There’s the unsettling feeling of my shirt attempting to stick to the door when I stand, and I reach around to tug it completely loose, chuckling. “Well, it is raining outside and it’s not like you gave me much of a chance to warn you.”
“Hmm, no. Guess this is my fault.” Shrugging, Saeran reaches down and pulls his T-shirt over his head and tosses it on the floor. The look he gives me is entirely too amused when he notices my face heating up as he slides his thumbs into the waistband of his pj pants. “What? If I remember right, best way to prevent hypothermia is to strip the wet clothes and cuddle, yeah?” Tugging them down, he snickers at my nod. God, he’s hot. And standing in front of me in nothing but boxers.

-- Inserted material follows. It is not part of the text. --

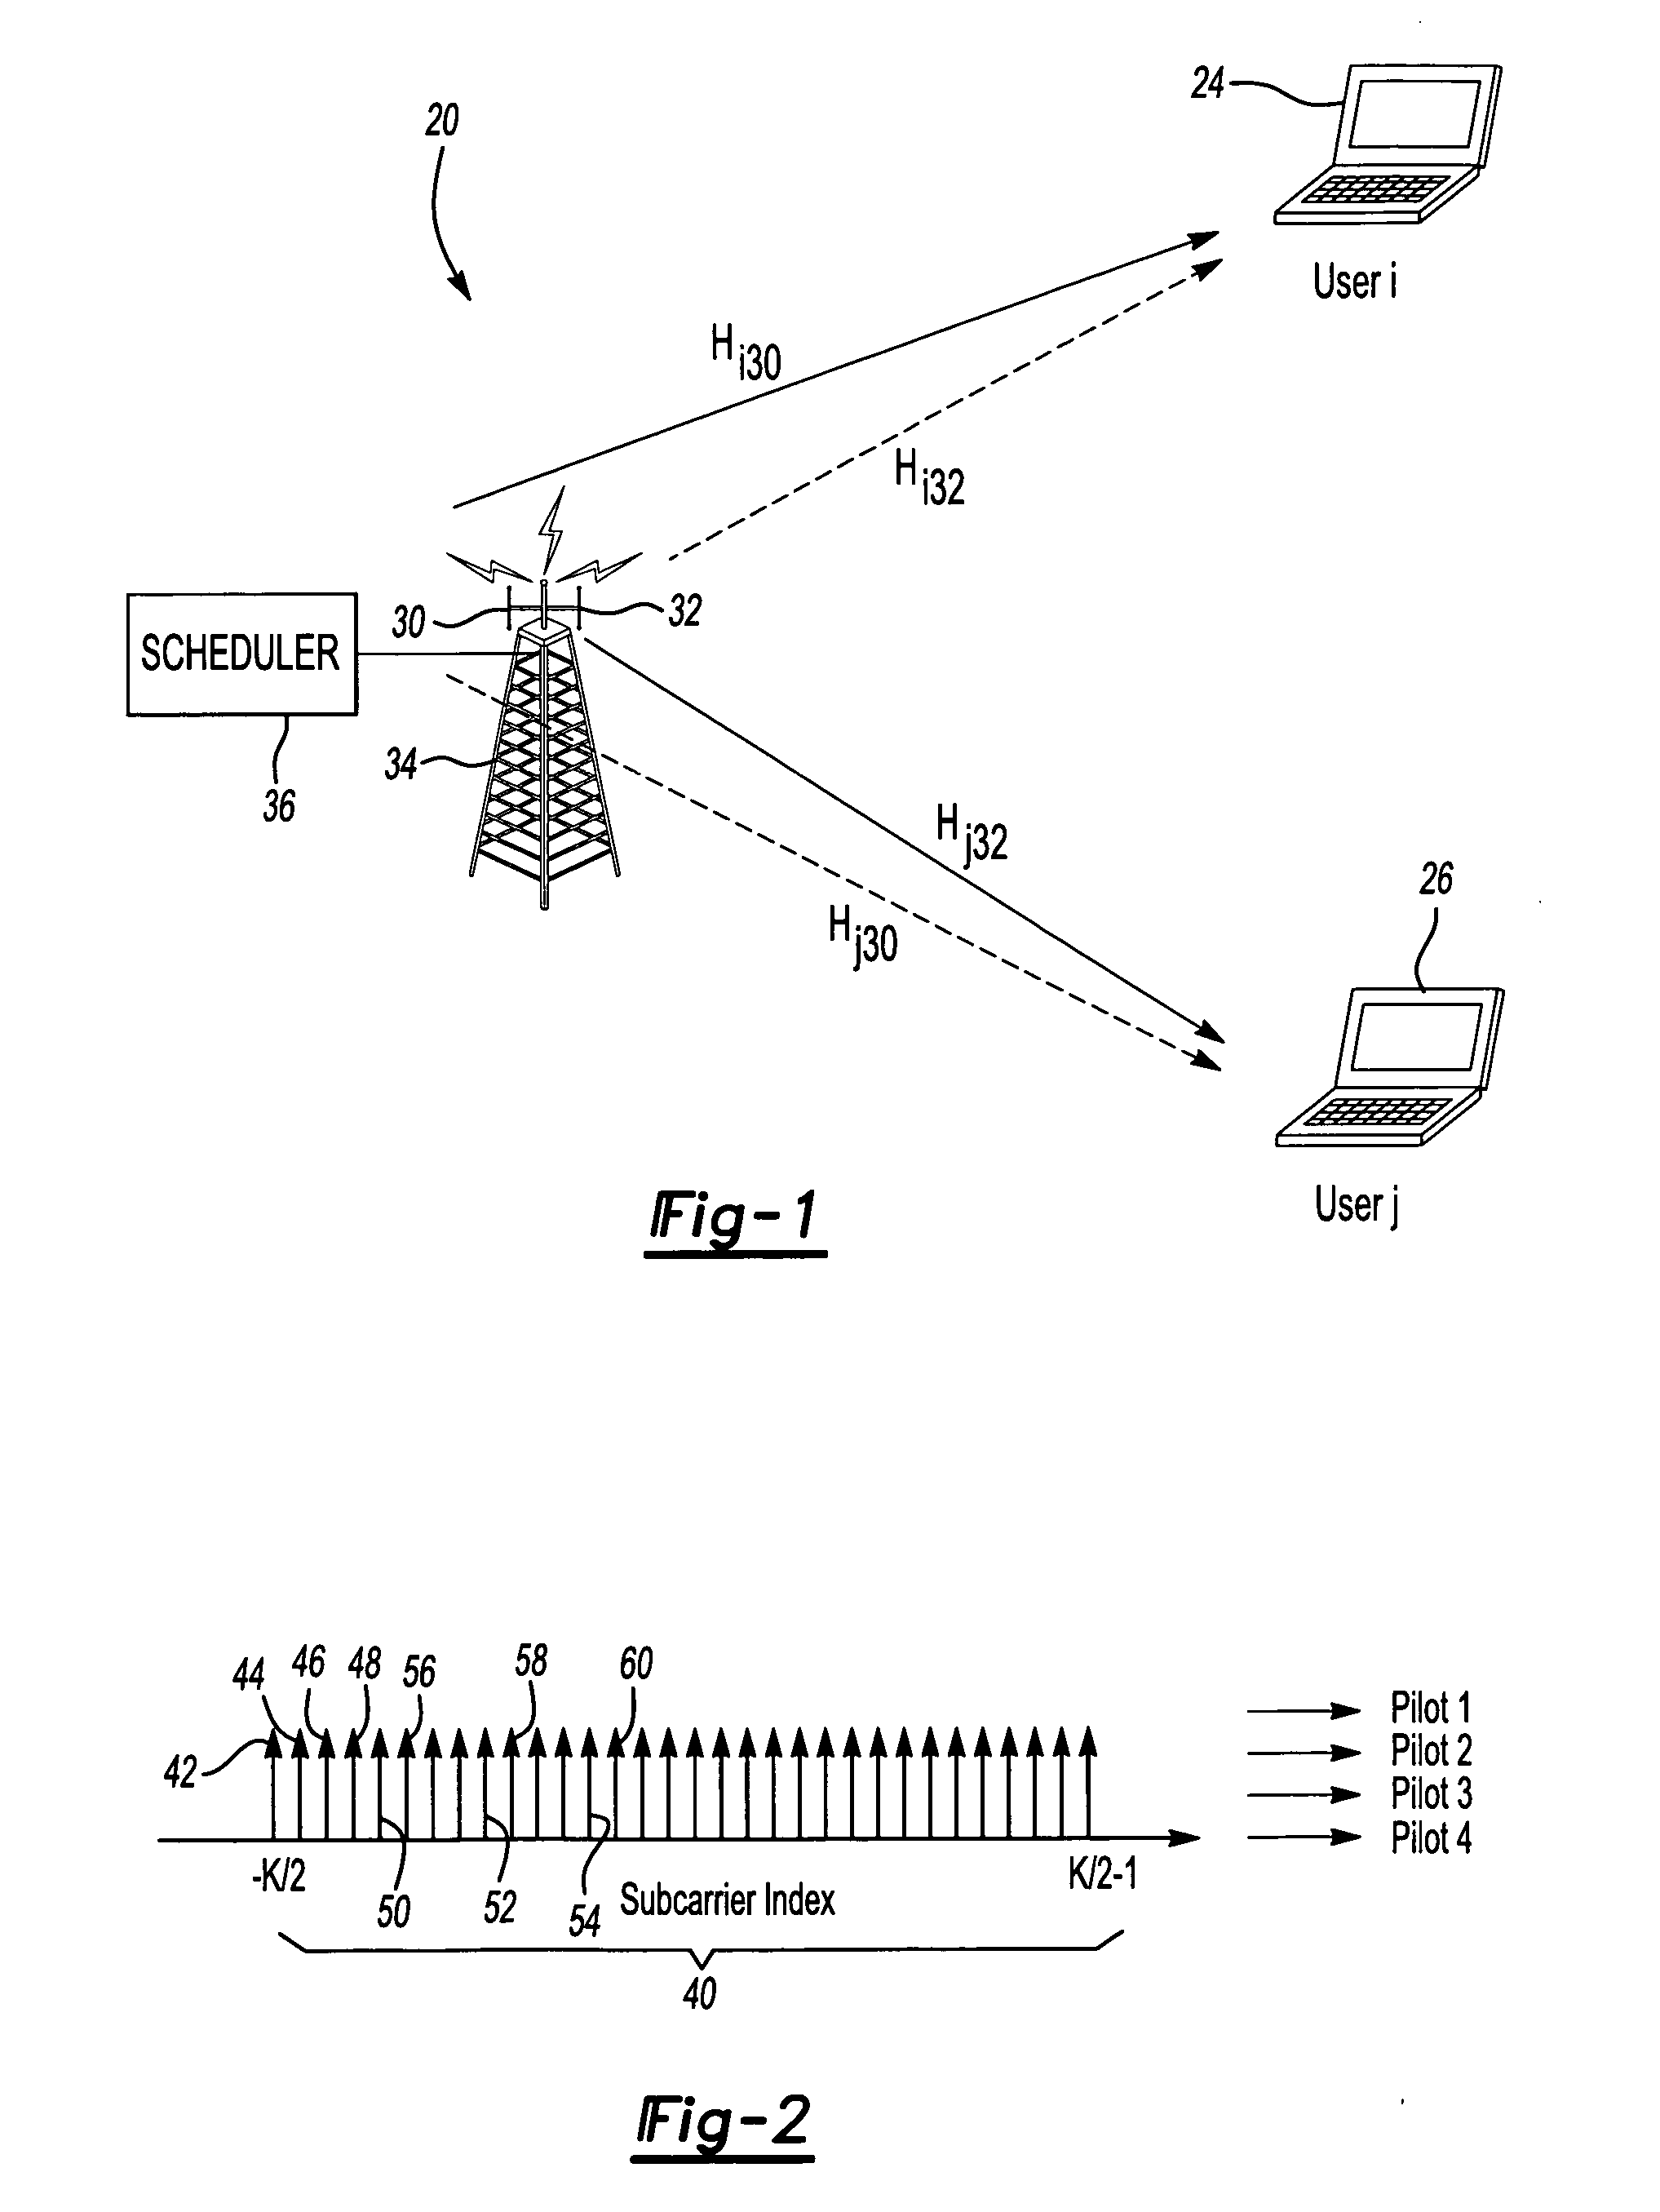 Distributed multiple antenna scheduling for wireless packet data communication system using OFDM

“Your turn,” he whispers, stepping closer and beginning to lift up my shirt. Raising my arms, I can feel the rapid thumping of my heart in disbelief and excitement. Next he’s fiddling with the button on my jeans, dropping wet kisses to my stomach. “It’s okay, cutie. Just cuddling to warm you up tonight, I promise.” A glint of mischief appears in his eyes as he pushing them down, kisses dropping down to just above the top of my boxers. “No guarantees about tomorrow, though…”
Tomorrow. Tomorrow that I will spend with Saeran. And the day after that. Cuddling under blankets, watching movies, playing games, whatever.
It’s real. After all this time, after everything that’s happened…
“Are you my boyfriend now?” God, why!? Horrified, I clamp a hand over my mouth but all he does is look up at me in surprise from where he’s kneeled, untying my shoes. “S-sorry. Never mind. That was dumb.”
A low laugh rumbles through him as he finishes the last shoe, pulling it off and setting it to the side with my socks and jeans. Then he stands, the soft touch of his hand guiding me in close. “If that’s what you want me to be, then yes.”
I’m not sure a kiss has ever tasted so sweet.